O chiqueirinho de fora era a céu aberto. Por causa da chuva, nos transferiram para o fundo da barraca. Apesar do improviso, a mudança melhorou nossa posição. Ideal para fotografar quem adentrava. Lula e comitiva iriam ver os produtos. Aquelas demonstrações de praxe. Uma autoridade ouvindo sobre o que se planta e o que se produz numa região.

Com a comitiva veio um batalhão de gente na frente. Inclusive outros fotógrafos, atrapalhando os que ficaram atrás. Lula distribuiu comprimentos. Ouviu explicações e perguntou sobre alguns produtos. André Vargas, ex-deputado que foi ativo nos quadros petistas, estava lá. Virou produtor de pitaia, numa chácara em Ibiporã. Disse que levara uma caixa da fruta ao Lula.

Eu levei um exemplar do livro “Lula – biografia”, de Fernando Morais. Na saída da barraca, pedi a Lula para autografá-lo. Ele mirou o livro, como se fosse afirmar algo. Após alguns segundos disse: “depois eu assino”. Um dos seguranças que o acompanhavam reforçou: “Ele assina, pode ficar tranquilo”.

Fomos ao barracão aberto ouvir os discursos. Estava lotado. Falavam-se em dez mil pessoas. A maioria de assentamentos rurais. Vieram de ônibus.  Eu calculei sete mil.  Os discursos se revezaram. De João Pedro Stédile, economista, um dos fundadores do MST, a Bela Gil, filha de Gilberto Gil. Ela apresenta um programa de culinária numa TV por assinatura. Fiquei sabendo quem era por uma coordenadora da barraca do assentamento.

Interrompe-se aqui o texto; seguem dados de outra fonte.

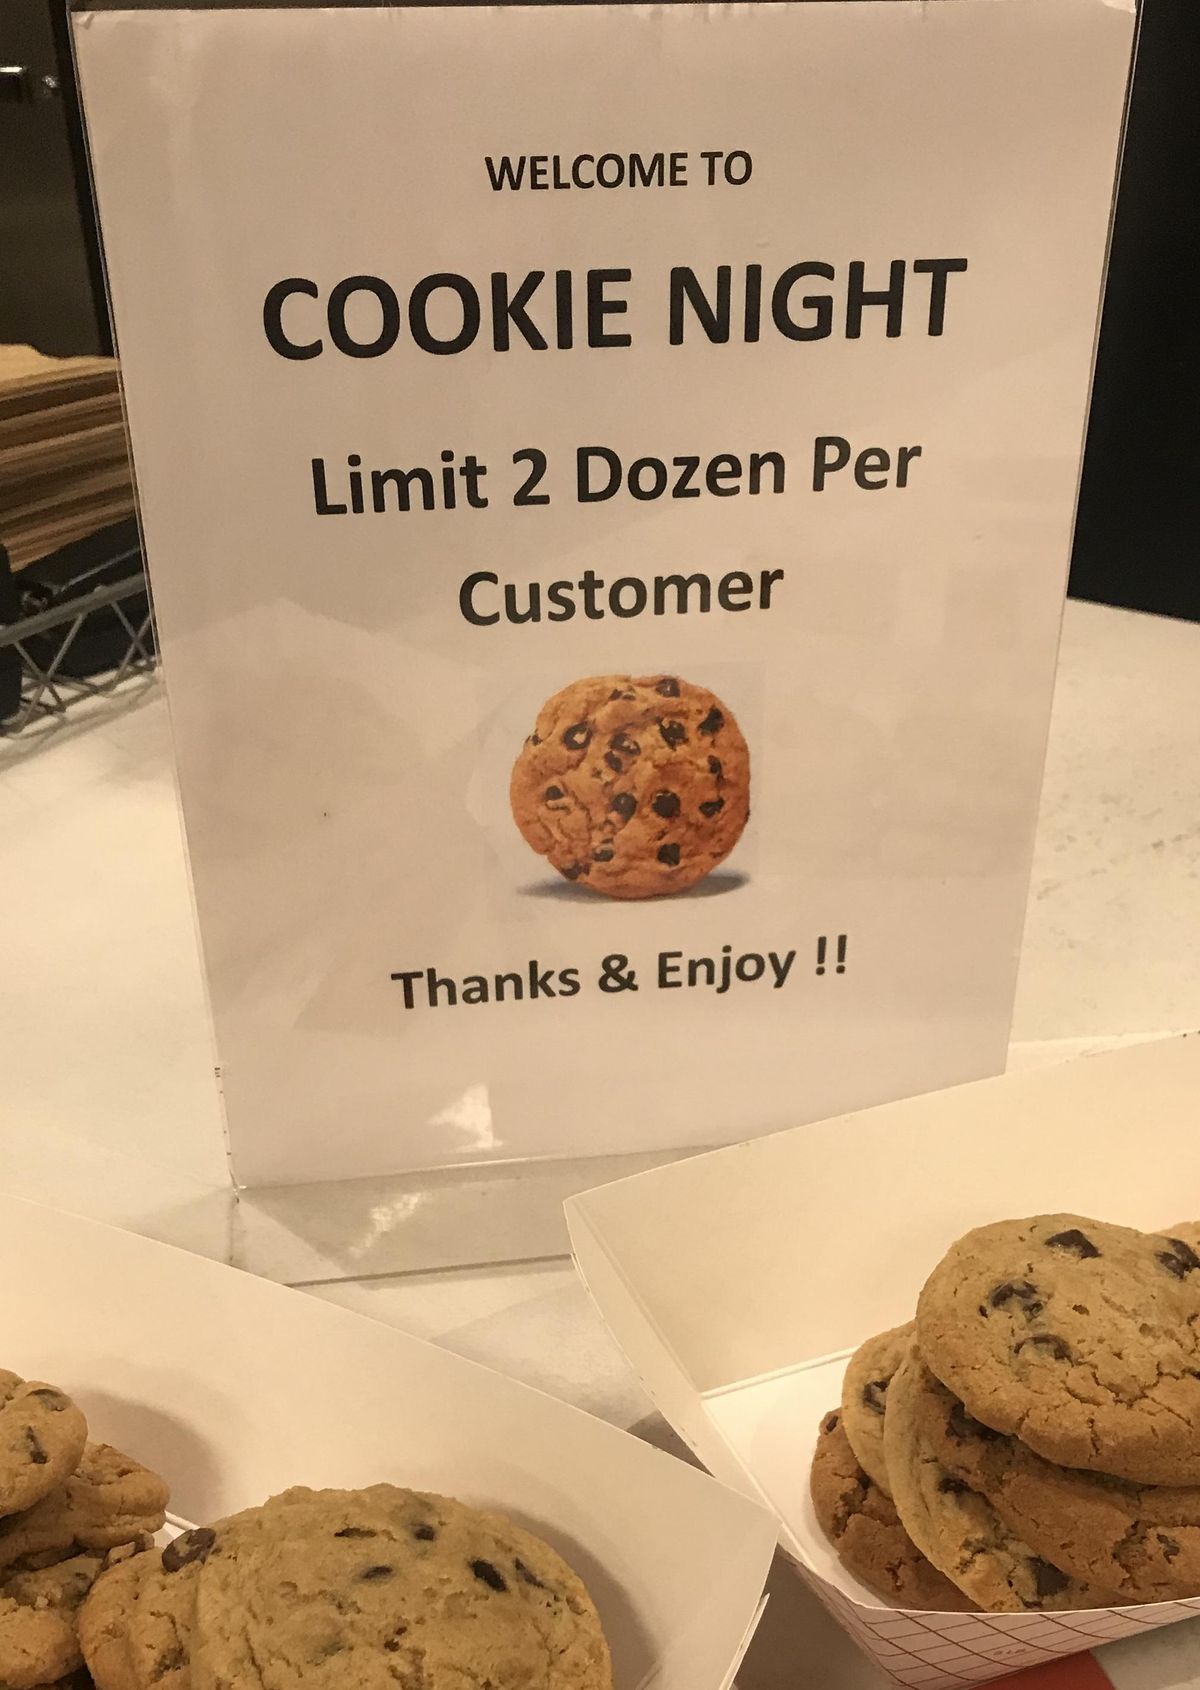 A sign at SubCo reminds students there’s a limit of two dozen cookies per customer during Cookie Night at GU. (Crissy Belle Lubke)

No barracão, o local reservado para fotógrafos e cinegrafistas, ao lado do palco, foi tomado pelo público. Cada um teve que se virar no meio da multidão para fotografar os falantes no palco. Deveriam ter feito um elevado de tábuas, como fizeram em eventos semelhantes que cobri. Fotógrafos e cinegrafistas ficam acima do público na entrada. Facilita o trabalho.

Após sucessivos anúncios, Lula, enfim, falou. Declarou que o atual governo é uma fábrica de mentiras. Apelou para que os eleitores votem em candidatos a deputado e a senadores comprometidos com as propostas de um eventual governo petista. “Não podemos pôr raposa no galinheiro, que ela vai comer as galinhas”, comparou.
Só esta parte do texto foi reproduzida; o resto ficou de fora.